Forget for a minute all the womanizing and objectifying that is so often heard in hip-hop music. One has to do this to achieve the underlying goal in rap music: to win. When I listen to rap, I leave all that at the door and let the ladies lead me to the Xanadu of female empowerment. I embraced my favorite female rappers and kept their rhymes near; Missy Elliot and Lil Kim followed everywhere with me that summer. After the end of a date with that guy, I’d head home in a cab feeling very satisfied with myself for playing the night exactly how I’d wanted. It was as if these two rap goddesses were appearing there in the taxi beside me saying, “I told you so.”

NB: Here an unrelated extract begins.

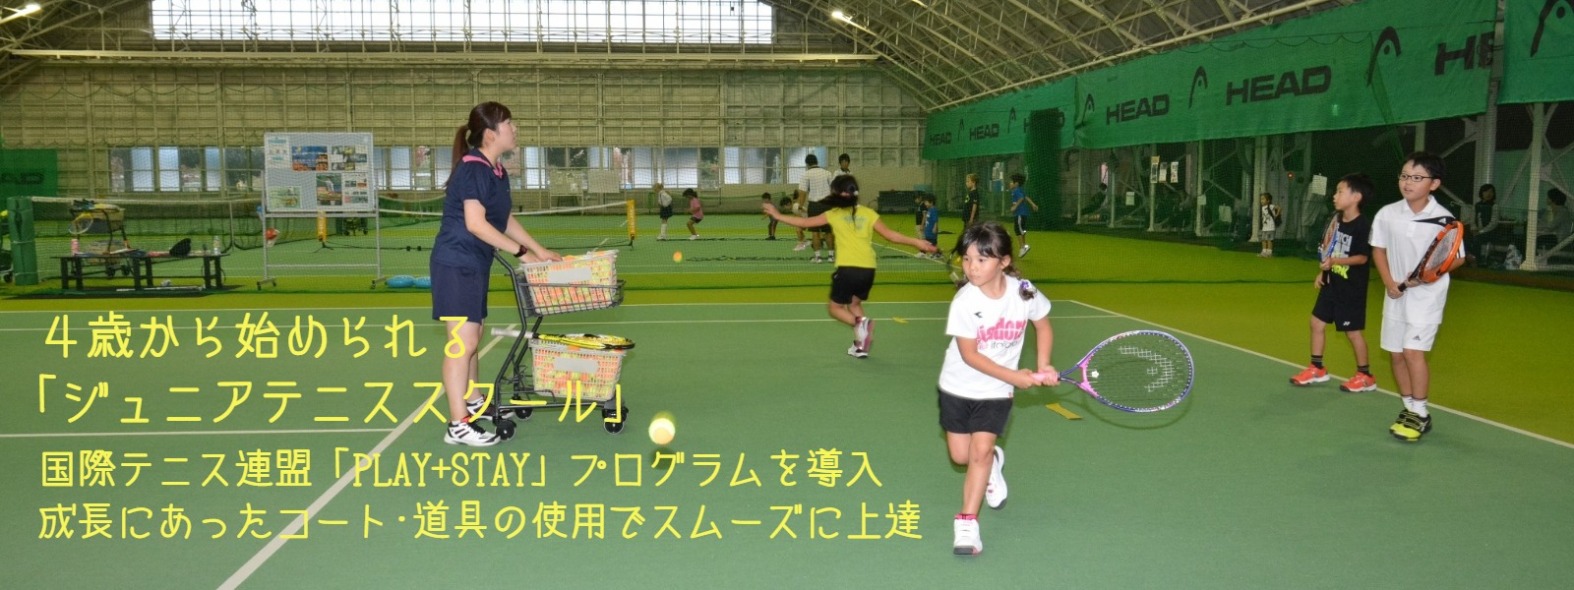 昭和の森テニスセンター 東京都昭島市 公式サイト

After these dates would end and I’d take rap with me to other places, they eventually found their way into my home life. Sitting in our Brooklyn backyard on sweltering evenings, I invented “Rap Night,” a little home even with all the roommates where, you guessed it, we’d lounge and listen to rap. I converted the skeptical; I widened the canon of the paltry. One roommate made a clever observation about me one night: “You know, you’re all about the blind rage.” I considered this for a moment, and then quickly realized he was right. Rap is all about being you deep to the core and not apologizing for it. What was once a rage in me directed at a painful past had been transformed to a healthy female aggression for love.
Gentlemen, you have hip-hop to thank.